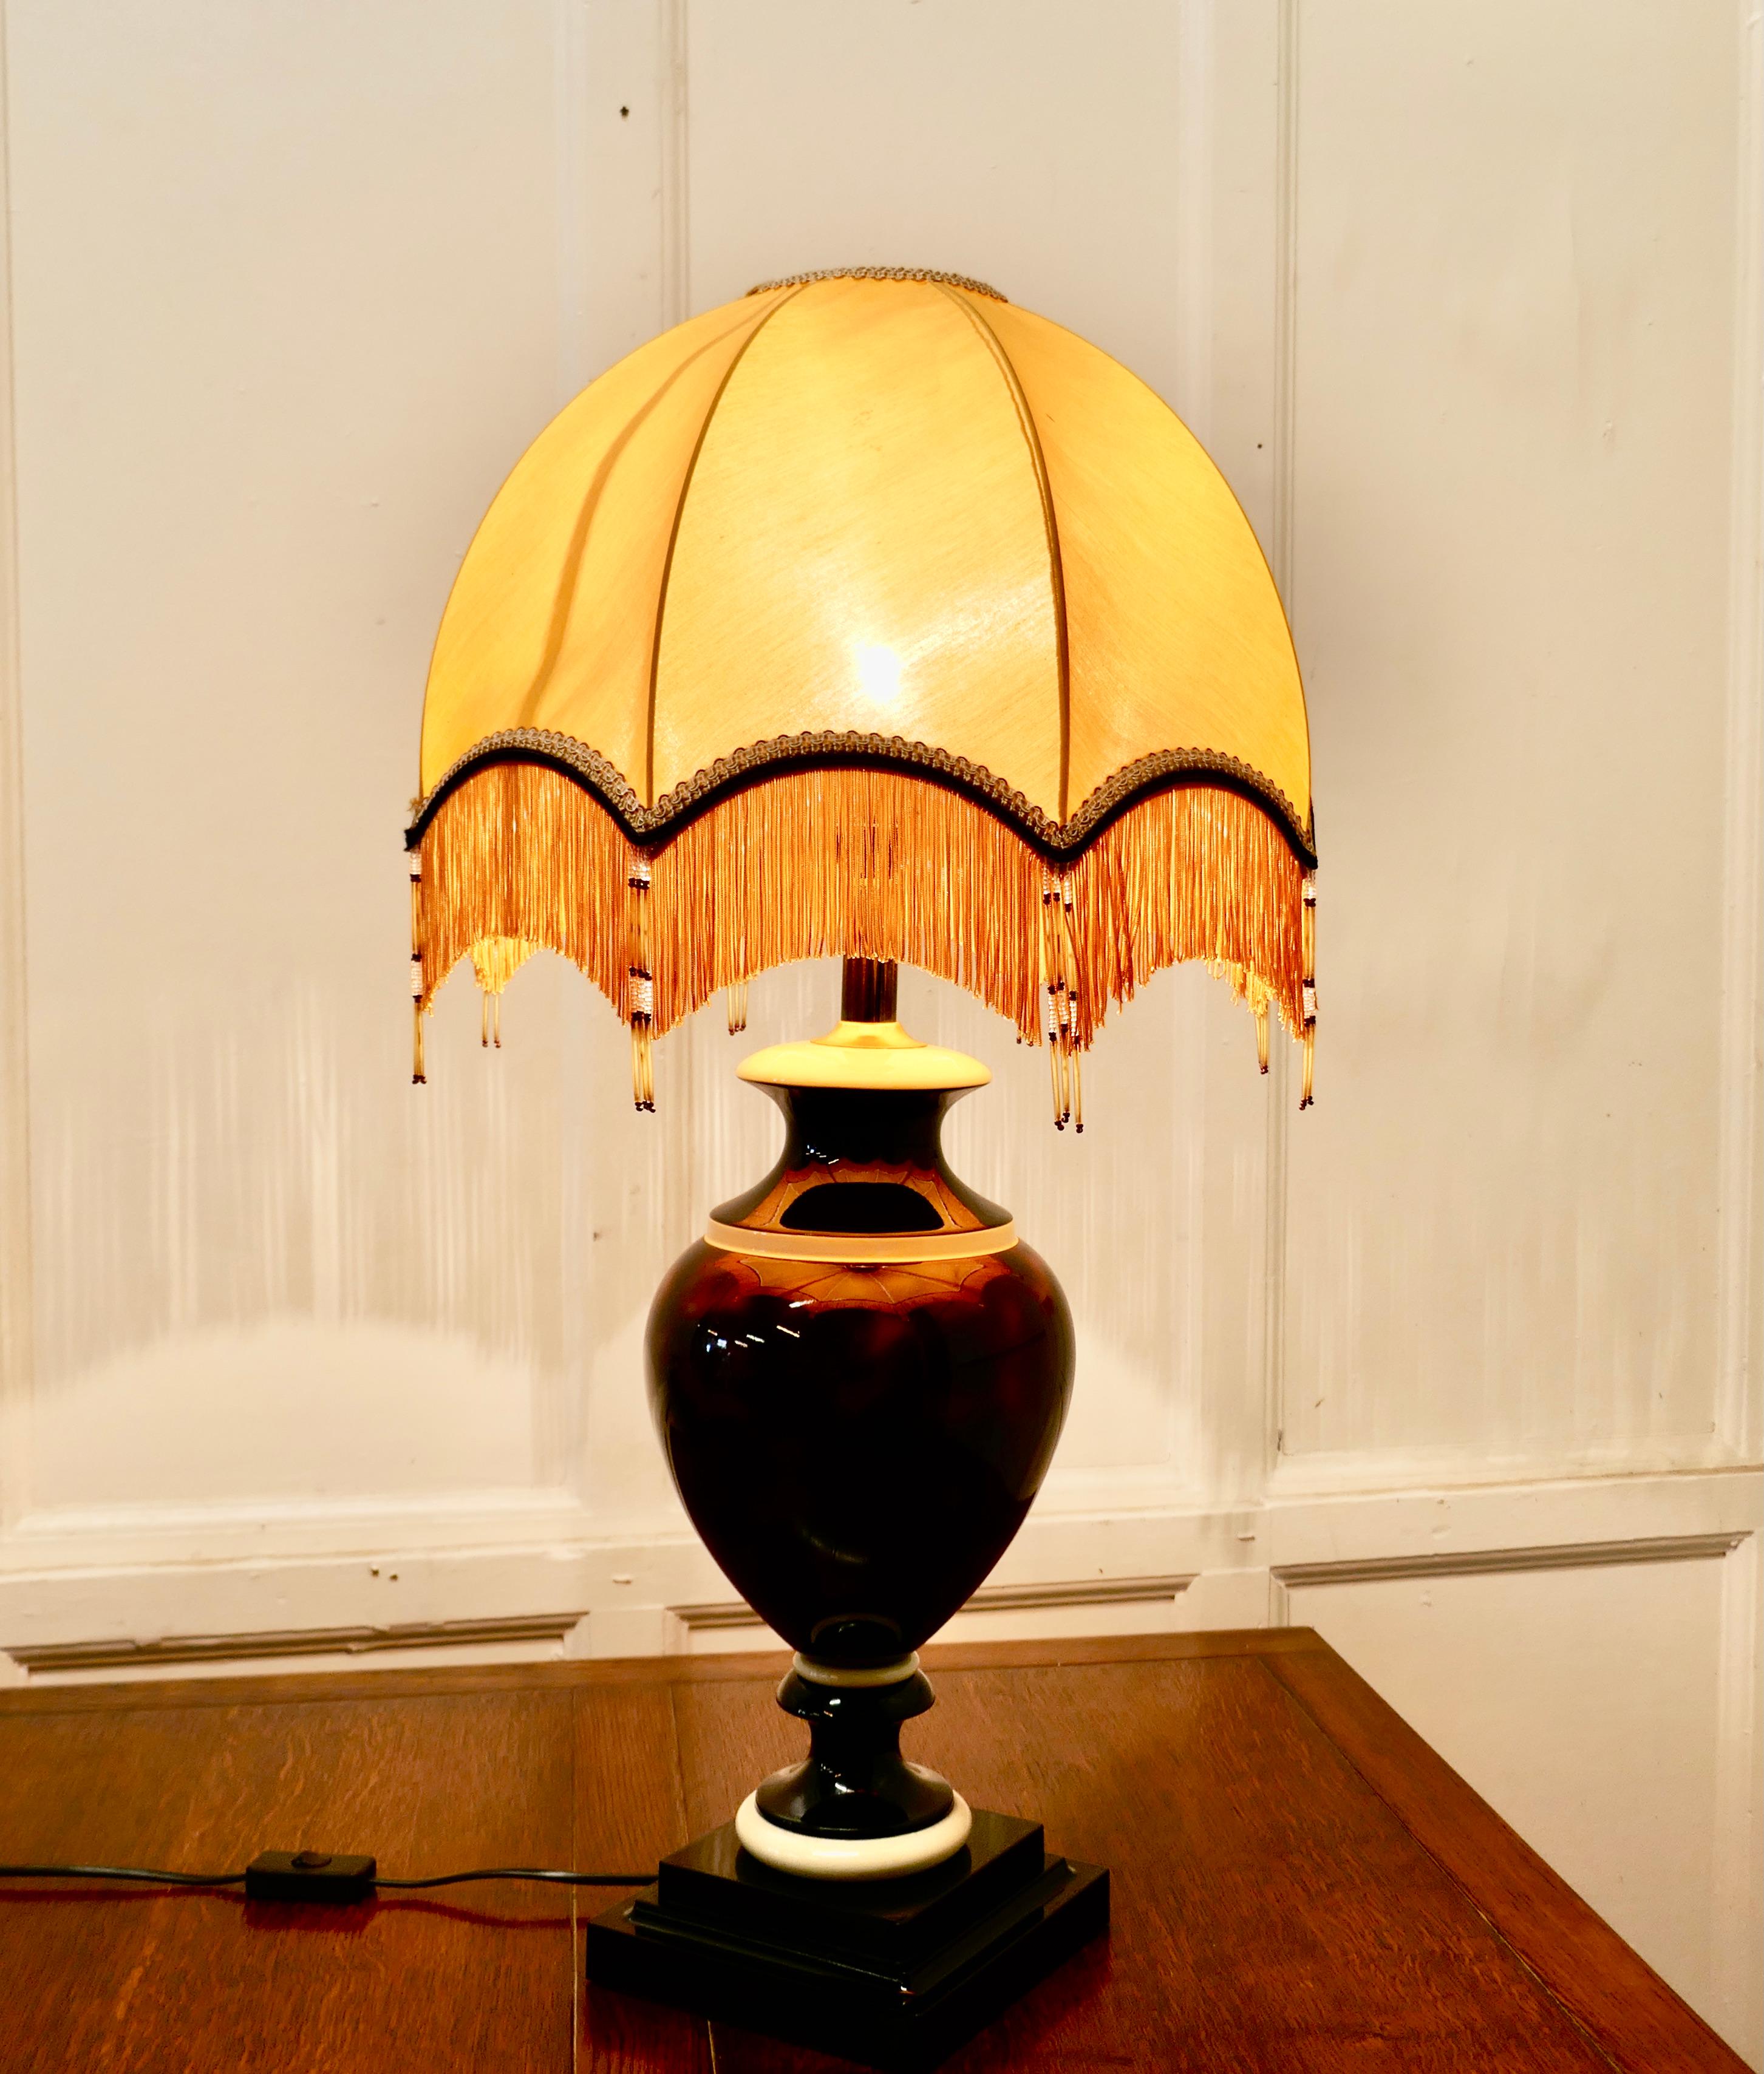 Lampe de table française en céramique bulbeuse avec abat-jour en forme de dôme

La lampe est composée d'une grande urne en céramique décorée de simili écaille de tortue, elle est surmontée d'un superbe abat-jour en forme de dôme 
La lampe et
•••
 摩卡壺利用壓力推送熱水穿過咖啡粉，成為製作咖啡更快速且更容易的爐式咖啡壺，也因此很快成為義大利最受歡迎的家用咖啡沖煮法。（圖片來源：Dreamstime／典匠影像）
•••
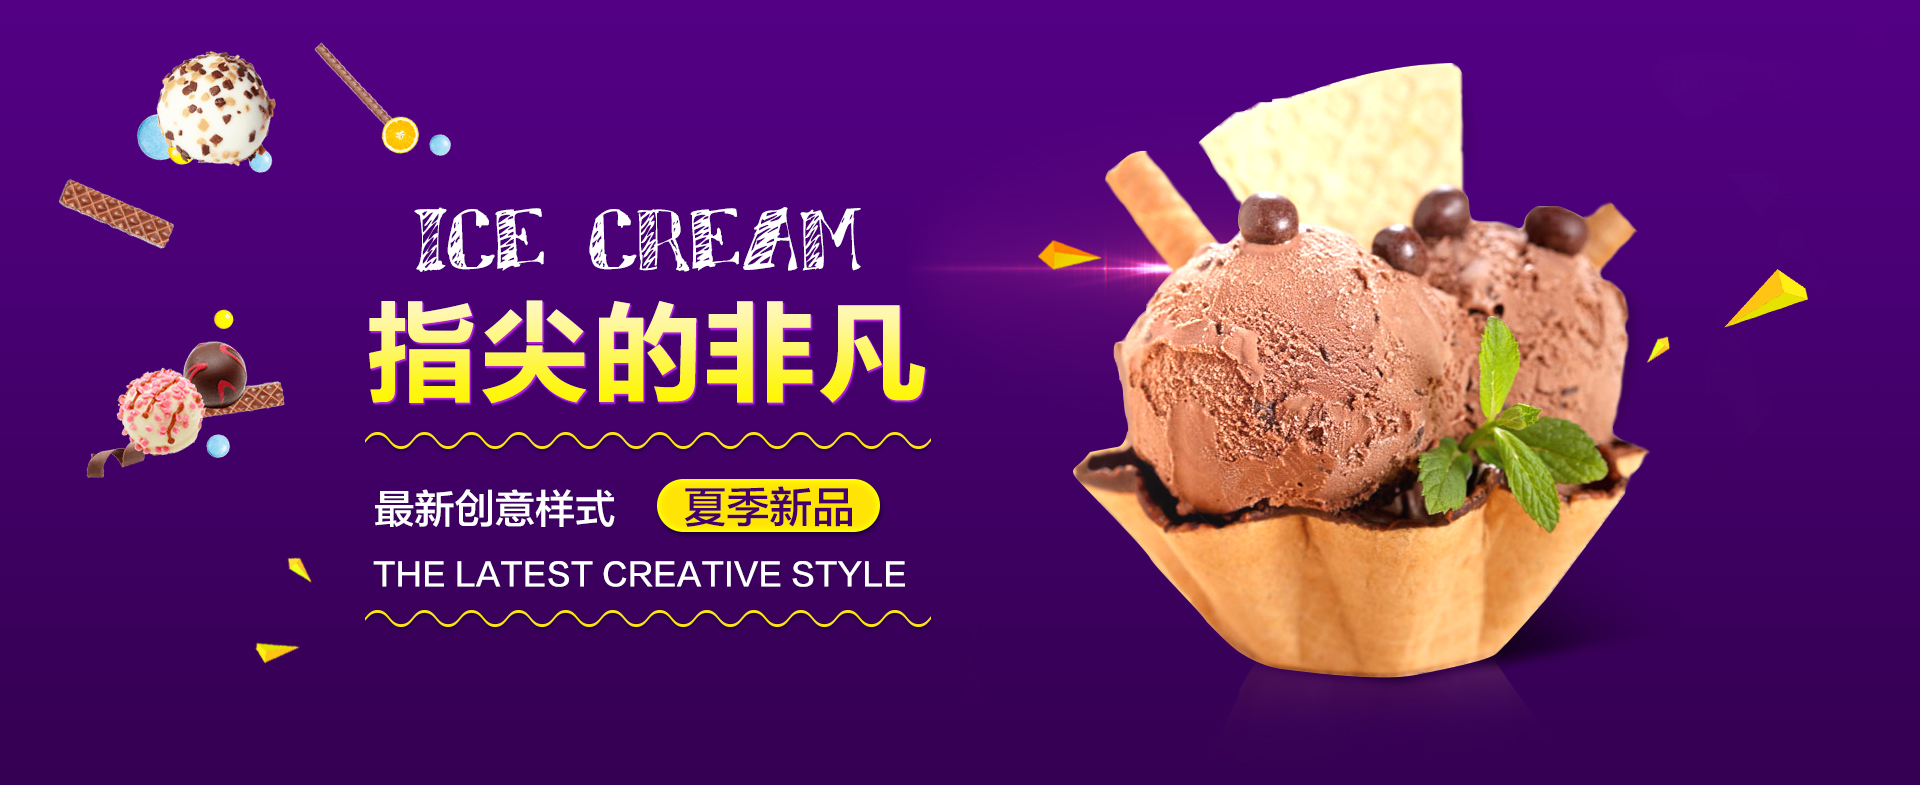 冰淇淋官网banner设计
•••
§ **Your goal**: For this exercise, repeat exactly the lines of the data above from the one with "La lampe est" down to the one with "La lampe et", both end lines included.

§ **Exercise result**:
La lampe est composée d'une grande urne en céramique décorée de simili écaille de tortue, elle est surmontée d'un superbe abat-jour en forme de dôme 
La lampe et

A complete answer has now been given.